Pfizer's "Comirnaty" injection was approved (sort of) back in the fall, however it is not legally interchangeable with the Pfizer injections that people have been receiving under emergency use authorization (EUA).
This distinction has created a lot of confusion over whether or not the jabs can legally be pushed on the masses. It turns out that they cannot, though this is being done anyway using sleight of hand.
On August 23, the FDA did supposedly grant full approval for Comirnaty, which the Biden regime used as leverage to coerce millions into taking the shots.
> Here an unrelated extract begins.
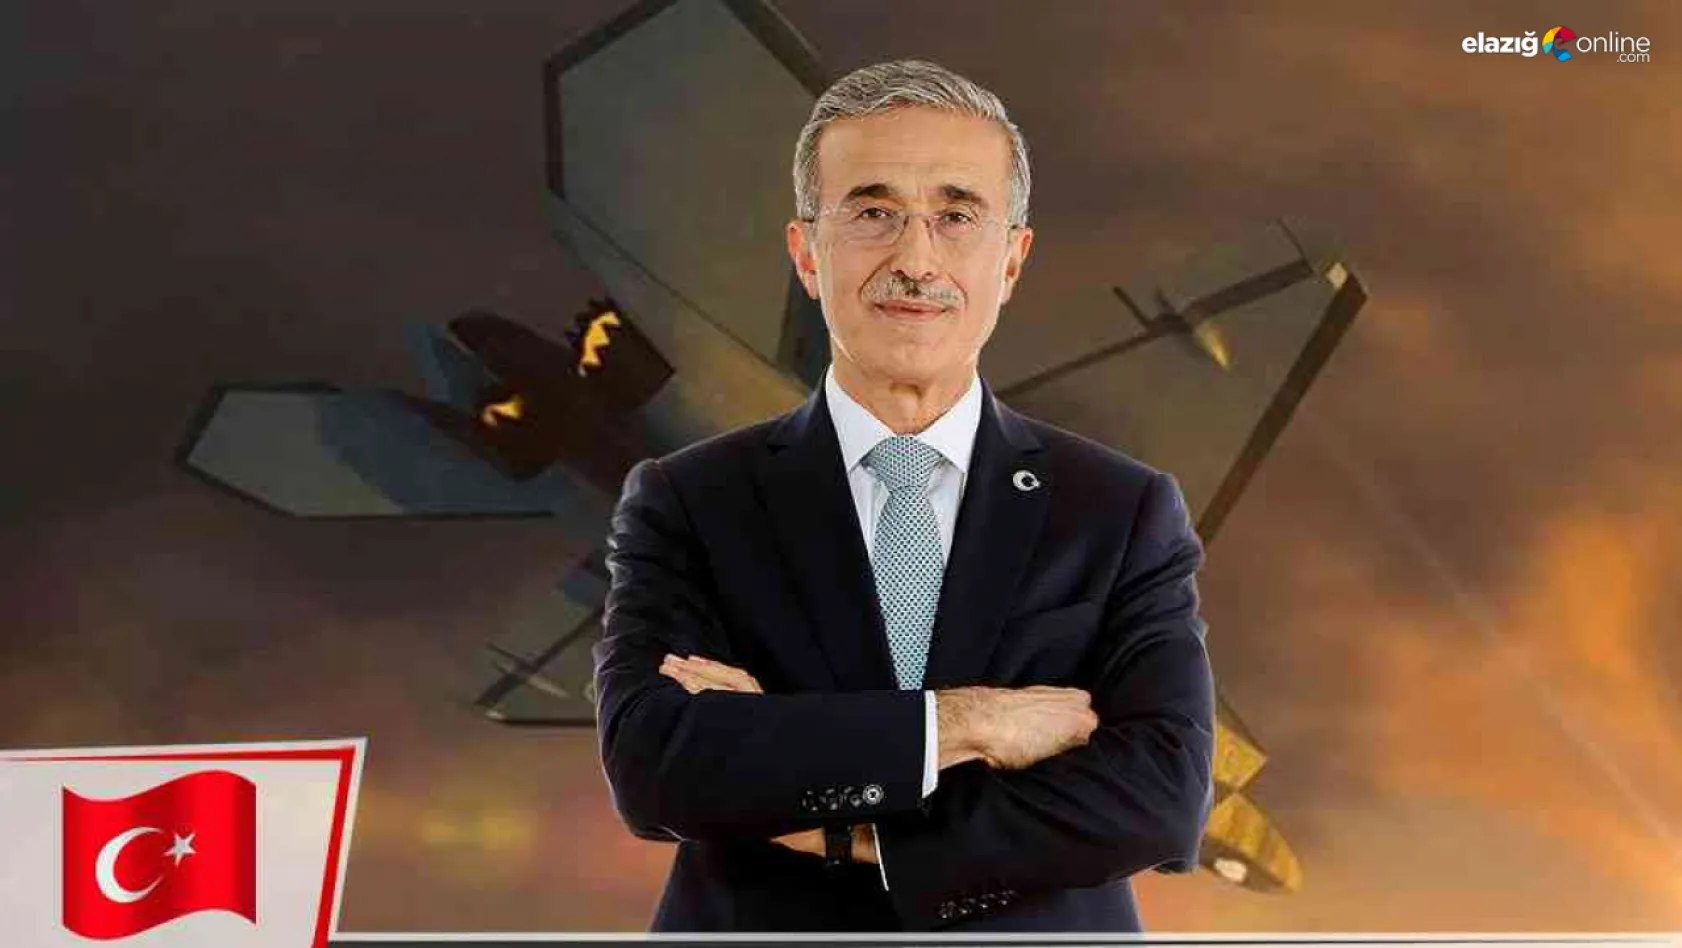 Savunma Sanayii Başkanı hemşehrimiz İsmail Demir Elazığ'a gelecek

However, Comirnaty has not yet made its way into the United States and there appears to be no plans to make it available here anytime soon.
"As a reasonable explanation, early on, Pfizer and its government allies claimed that Comirnaty was not yet available because the EUA shots were still lining the shelves, and the FDA-approved version would soon be made available to all," reported Great Game India about the situation.
"It has been over 4 months now, since full approval, but Comirnaty is still not being distributed."
It is important to emphasize that the FDA recognizes Comirnaty as a "legally distinct" product with "certain differences" compared to the EUA product from Pfizer-BioNTech.
At the same time, the FDA, which has financial ties to Pfizer, claims that the safety and effectiveness of both the EUA and the approved shots is the same.
"'Fact checkers' leverage the latter point of safety and efficacy to claim that people are still getting access to ingredients akin to the fully approved product," Great Game India added.
The U.S. Centers for Disease Control and Prevention (CDC) has also confirmed that Comirnaty is "not orderable at this time," and that "Pfizer does not plan to produce any product with these NDCs (National Drug Codes) and labels over the next few months while EUA authorized product is still available and being made available for U.S. distribution."
Why, you might be asking, is Pfizer refusing to make the fully authorized version available? The answer appears to be that Pfizer does not want to open itself up to legal liability issues.
While an EUA does fully protect a drug-maker while granting zero legal recourse to the patient, a law passed during the Reagan Administration requires that a drug first secure full approval for the children's version of the jab before more robust legal immunity from lawsuits for injuries and deaths can be granted.
"The National Childhood Vaccine Injury Act (NCVIA), which was passed into law in 1986, provides a legal liability shield to drug manufacturers if they receive full authorization for all ages," reports explain.
"Now is this the reason why Pfizer is seeking approval for children so that it can protect itself from lawsuits?"
Since pharmaceutical companies are involved, this is almost guaranteed to be the case – because everyone knows that the drug industry only cares about one thing: profits. But is there another reason why not only Pfizer but also Moderna and Johnson & Johnson (J&J) are "working relentlessly to authorize their products for children, who face near-zero risk from COVID-19, but continue to showcase alarming side effects from the vaccine?"
The answer appears to be that these company crave an extensive, additional layer of protection from lawsuits that can only be obtained if Comirnaty becomes available for all ages.